El sueño fue de lo más extraño (más aún que el mensaje, que no es poca cosa). Aparecía yo en una playa, supe que era yo porque me vi, me vi como desde arriba, en realidad era una especie de observadora de mí misma caminando por una playa desierta en pleno invierno (lo noté por el abrigo que llevaba puesto, un buzo tipo polar con cierre y capucha sobre mi cabeza). Bueno, la Camila que caminaba iba con la cabeza gacha, mirando el suelo, con las manos en los bolsillos del buzo y arrastrando los pies por la arena. No pude ver su cara (mi cara) porque desde donde estaba me la tapaba la capucha del buzo, pero supe, sí, supe, no sé como, supongo que por la extraña percepción de la realidad que se da en los sueños, que estaba llorando. También supe que esa playa era interminable y que la Camila caminante no tenía rumbo ni norte, sólo caminaba.
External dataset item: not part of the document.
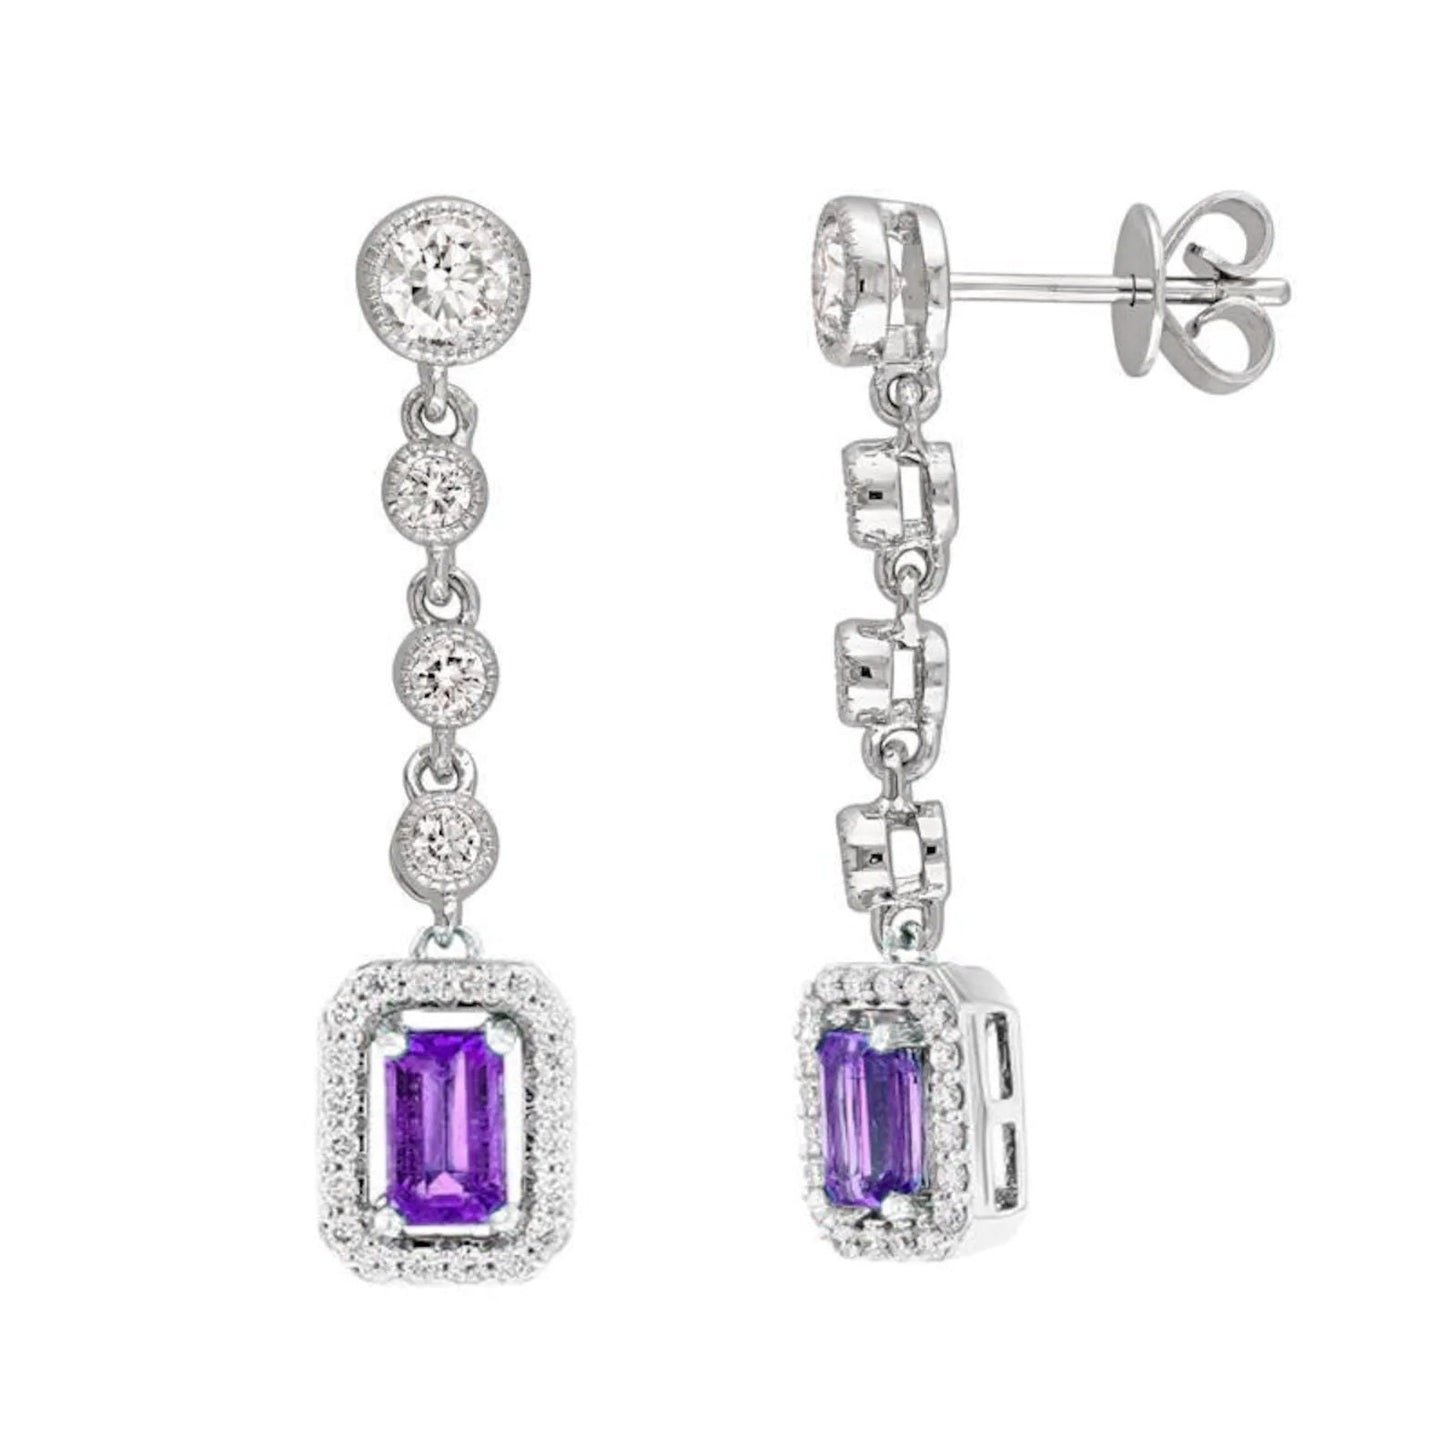 RUBY DANGLE EARRINGS, Ruby and Diamond Drop Earrings, Gemstone Dangle Women's Earrings, Sterling Silver Dangle Earrings, Mother's day Gift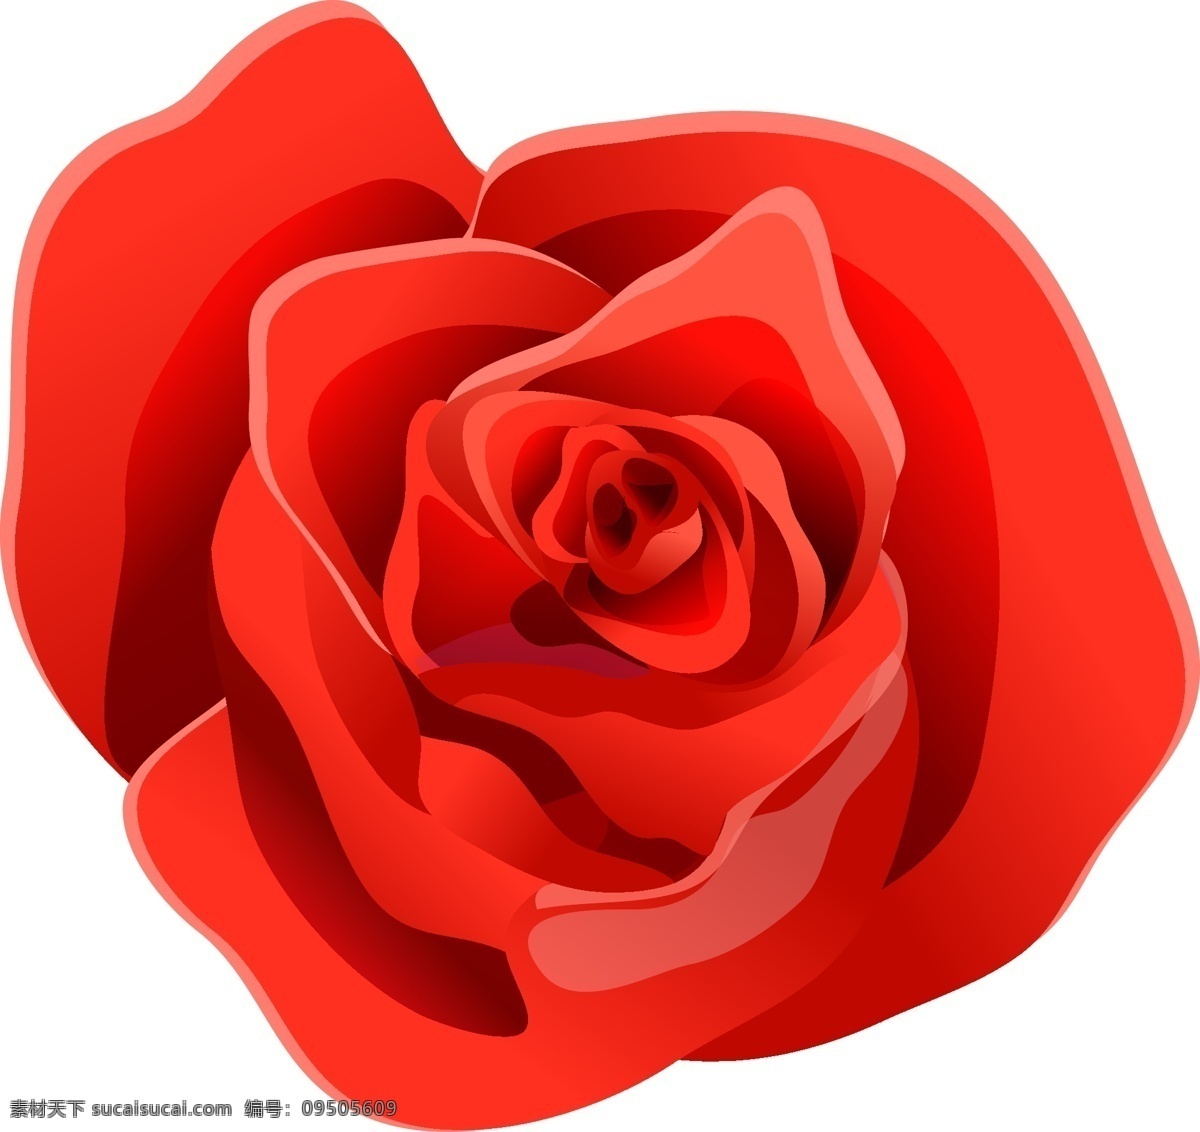 玫 红色 卡通 风格 矢量 花朵 玫红色花朵 卡通风格花朵 矢量花朵 玫瑰花 情人花朵 情人玫瑰 情人节玫瑰

Todo esto lo supe de una manera natural, irracional, lo que quiero decir es que no precisaba los ojos ni los oídos ni ningún otro sentido para percibir esas cosas, como que me llamo Camila que sabía que esa que caminaba era yo misma. Ahora, lo que me dejó perpleja fue de lo que me percaté cuando sí usé los ojos y los oídos: en vez de un par de huellas en la arena (que sería lo esperable en cualquier orden de realidad menos en el del sueño) vi dos pares, y en vez del ruido del viento y del mar se oía un llanto de niño, constante, interminable, imposible. Bueno, era imposible pero eso fue lo que soñé, no sabría qué significado darle, tampoco sabría si es necesario adjudicarle un significado a un sueño (para eso están los psicológos supongo). En fin, la cosa es que, como era de esperarse, me levanté sobresaltada, no llegó a sonar el despertador y yo ya estaba sentada en el borde de la cama, con ambos pies apoyados sobre el frío suelo de cerámica, cosa que me trajo más rápido a este mundo. Y empezó un nuevo día con mi cabeza echa un peón de ajedrez en un juego que no era ajedrez, un peón desorbitado, mucho más que perdido, extraviado en un tablero ajeno buscándole las reglas a un juego que ni siquiera sabía como se llamaba.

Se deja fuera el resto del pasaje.